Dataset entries
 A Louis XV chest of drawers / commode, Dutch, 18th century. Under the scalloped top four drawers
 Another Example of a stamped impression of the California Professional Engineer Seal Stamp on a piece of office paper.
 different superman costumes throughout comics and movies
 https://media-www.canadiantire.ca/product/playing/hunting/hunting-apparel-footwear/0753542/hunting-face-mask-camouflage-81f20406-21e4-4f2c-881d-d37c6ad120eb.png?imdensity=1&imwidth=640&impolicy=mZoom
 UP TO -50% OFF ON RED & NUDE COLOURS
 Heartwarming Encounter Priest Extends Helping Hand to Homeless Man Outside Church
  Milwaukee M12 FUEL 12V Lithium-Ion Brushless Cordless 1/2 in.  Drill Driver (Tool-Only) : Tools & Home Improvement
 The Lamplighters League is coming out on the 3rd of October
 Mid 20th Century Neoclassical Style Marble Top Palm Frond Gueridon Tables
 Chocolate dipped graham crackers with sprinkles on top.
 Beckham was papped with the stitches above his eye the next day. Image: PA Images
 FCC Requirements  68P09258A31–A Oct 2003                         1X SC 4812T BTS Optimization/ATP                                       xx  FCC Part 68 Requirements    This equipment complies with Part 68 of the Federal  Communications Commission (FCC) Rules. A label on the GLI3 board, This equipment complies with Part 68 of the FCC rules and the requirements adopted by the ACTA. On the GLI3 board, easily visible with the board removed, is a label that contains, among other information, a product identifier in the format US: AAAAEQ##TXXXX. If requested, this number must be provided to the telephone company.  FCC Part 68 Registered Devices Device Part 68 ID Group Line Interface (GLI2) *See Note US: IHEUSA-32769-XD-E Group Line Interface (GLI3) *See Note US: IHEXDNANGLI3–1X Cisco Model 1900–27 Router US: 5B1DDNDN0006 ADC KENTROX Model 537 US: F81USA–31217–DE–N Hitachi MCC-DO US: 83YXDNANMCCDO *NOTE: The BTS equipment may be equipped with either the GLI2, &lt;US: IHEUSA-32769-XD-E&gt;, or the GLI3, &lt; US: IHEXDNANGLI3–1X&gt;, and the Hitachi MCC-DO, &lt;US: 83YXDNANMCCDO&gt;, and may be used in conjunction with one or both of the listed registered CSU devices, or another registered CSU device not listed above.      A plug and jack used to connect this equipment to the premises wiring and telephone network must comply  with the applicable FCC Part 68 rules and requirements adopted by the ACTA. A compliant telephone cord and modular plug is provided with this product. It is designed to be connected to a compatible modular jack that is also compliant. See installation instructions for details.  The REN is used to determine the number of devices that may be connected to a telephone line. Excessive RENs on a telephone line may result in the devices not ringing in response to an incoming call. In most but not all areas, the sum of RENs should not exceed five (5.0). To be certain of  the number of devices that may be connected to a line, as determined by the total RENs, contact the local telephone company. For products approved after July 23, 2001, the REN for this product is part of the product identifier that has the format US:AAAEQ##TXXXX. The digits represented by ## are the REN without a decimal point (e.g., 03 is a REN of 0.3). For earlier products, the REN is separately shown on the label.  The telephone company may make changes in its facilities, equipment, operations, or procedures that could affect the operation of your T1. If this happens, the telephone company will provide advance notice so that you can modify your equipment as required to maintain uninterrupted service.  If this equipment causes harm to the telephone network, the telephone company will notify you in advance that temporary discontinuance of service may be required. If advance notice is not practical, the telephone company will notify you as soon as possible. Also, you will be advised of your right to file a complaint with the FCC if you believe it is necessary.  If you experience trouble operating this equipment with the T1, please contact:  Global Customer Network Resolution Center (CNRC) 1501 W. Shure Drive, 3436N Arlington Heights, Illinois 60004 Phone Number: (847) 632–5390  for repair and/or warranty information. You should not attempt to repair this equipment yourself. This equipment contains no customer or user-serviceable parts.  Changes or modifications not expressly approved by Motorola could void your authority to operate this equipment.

> What this task involves
Return exactly what appears above, from the first line of the entries to the line with "Another Example of", inclusive.

> Exercise solution
 A Louis XV chest of drawers / commode, Dutch, 18th century. Under the scalloped top four drawers
 Another Example of a stamped impression of the California Professional Engineer Seal Stamp on a piece of office paper.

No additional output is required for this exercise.